Salient to Investors:
Latin America is disappointing investors, economists and businesses with slower-than-forecast growth as waning commodity prices and strong currencies hit nations that failed to diversify and become more competitive.
Economists cut Brazil’s 2013 outlook for the second time in 7 days, forecasting the worst 3-year period in a decade.
The region has invested too little of windfall revenue in roads, technology and education, and to promote businesses outside of mining and agriculture. Chile has the region’s best OECD reading-skills results but is ranked 44 among 65 countries, with Peru second-to-last.
Brazil, Mexico, Colombia, Chile and Peru increased primary exports to an average 71.3 percent of foreign sales from 58.3 percent in the decade through 2011, instead of reducing vulnerabilities to commodity boom-and-bust cycles. SA Commodities said 212 vessels awaited cargo in Brazil during March, and the line of trucks to unload soybeans at its busiest port surged to a record 15 miles long.
Alberto Ramos at Goldman Sachs said the easy growth has been collected, and they need to find domestic sources of growth, rather than relying on abundant external liquidity and high commodity prices.
James Gaul at Boston Advisors is more cautious on the region than several years ago, driven by this decline in the global, commodity-led growth theme.
Analysts predict the region will grow 3.38 percent in 2013 versus predicting 3.81 percent 6 months ago, and Asia to accelerate to 6.44 percent.
Alonso Cervera at Credit Suisse said Mexican results in general have disappointed, and Q1 confirmed that Mexico is still dependent on a healthy rest of the world.
The IMF said Latin America will not sustain growth at current levels, given labor constraints and recent trends for capital and productivity increases, and potential growth through 2017 is closer to 3.25 percent versus 4 percent average a year in the decade through 2012.
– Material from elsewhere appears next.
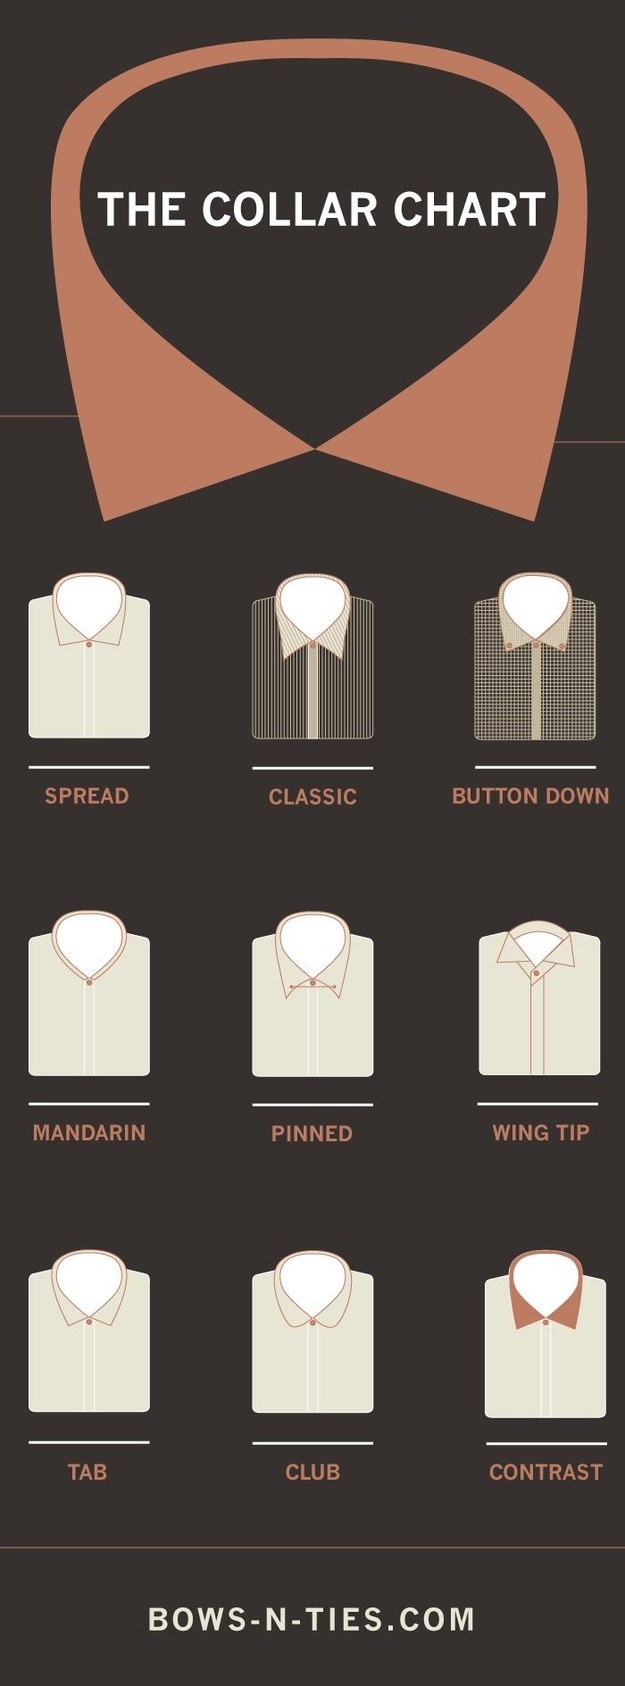 Как называются разновидности воротничков рубашек.

The World Bank said Brazilian companies spend 2,600 hours a year dealing with tax issues compared with 209 hours in the East Asia and Pacific region.
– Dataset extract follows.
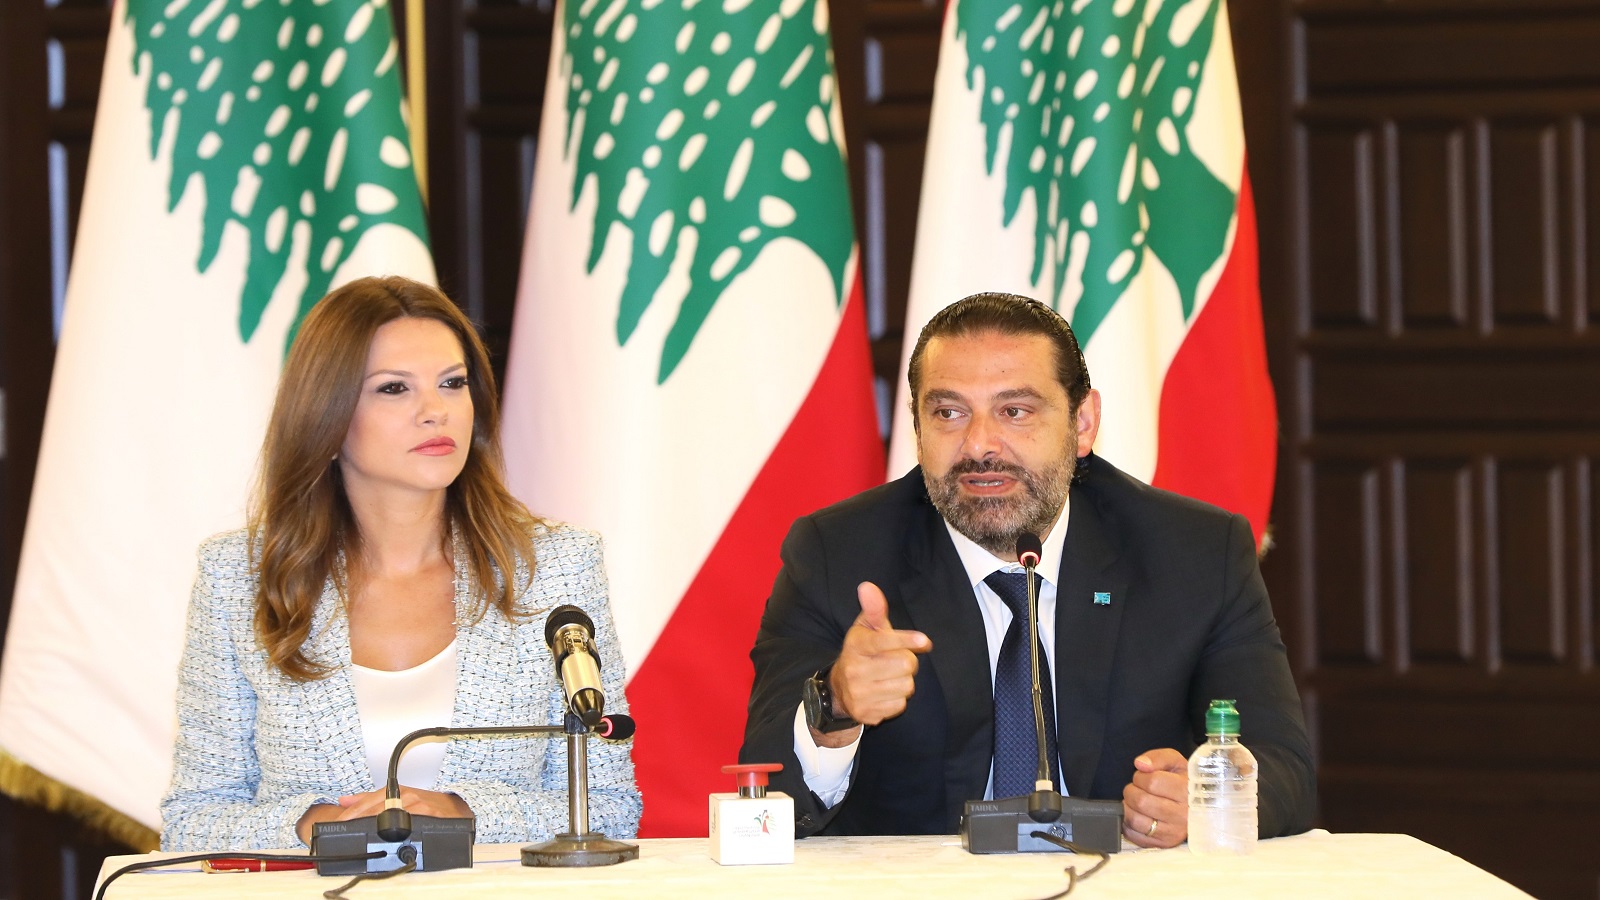 للمرة الأولى في لبنان: جلسة تشريعية للنساء فقط

Henry Stipp at Threadneedle Asset Mgmt said lower commodity prices may help cut inflationary pressure and give central banks more room for monetary stimulus.
Economists have cut Columbia’s 2013 growth forecast to 4.2 percent versus 4.9 percent last August.
Michael Shaoul at Marketfield Asset Mgmt said Latin America has not yet bottomed and will not recover to the growth level of the previous decade because the commodity boom is over and policy makers failed to reduce their dependence on primary goods when money flowed into their economies.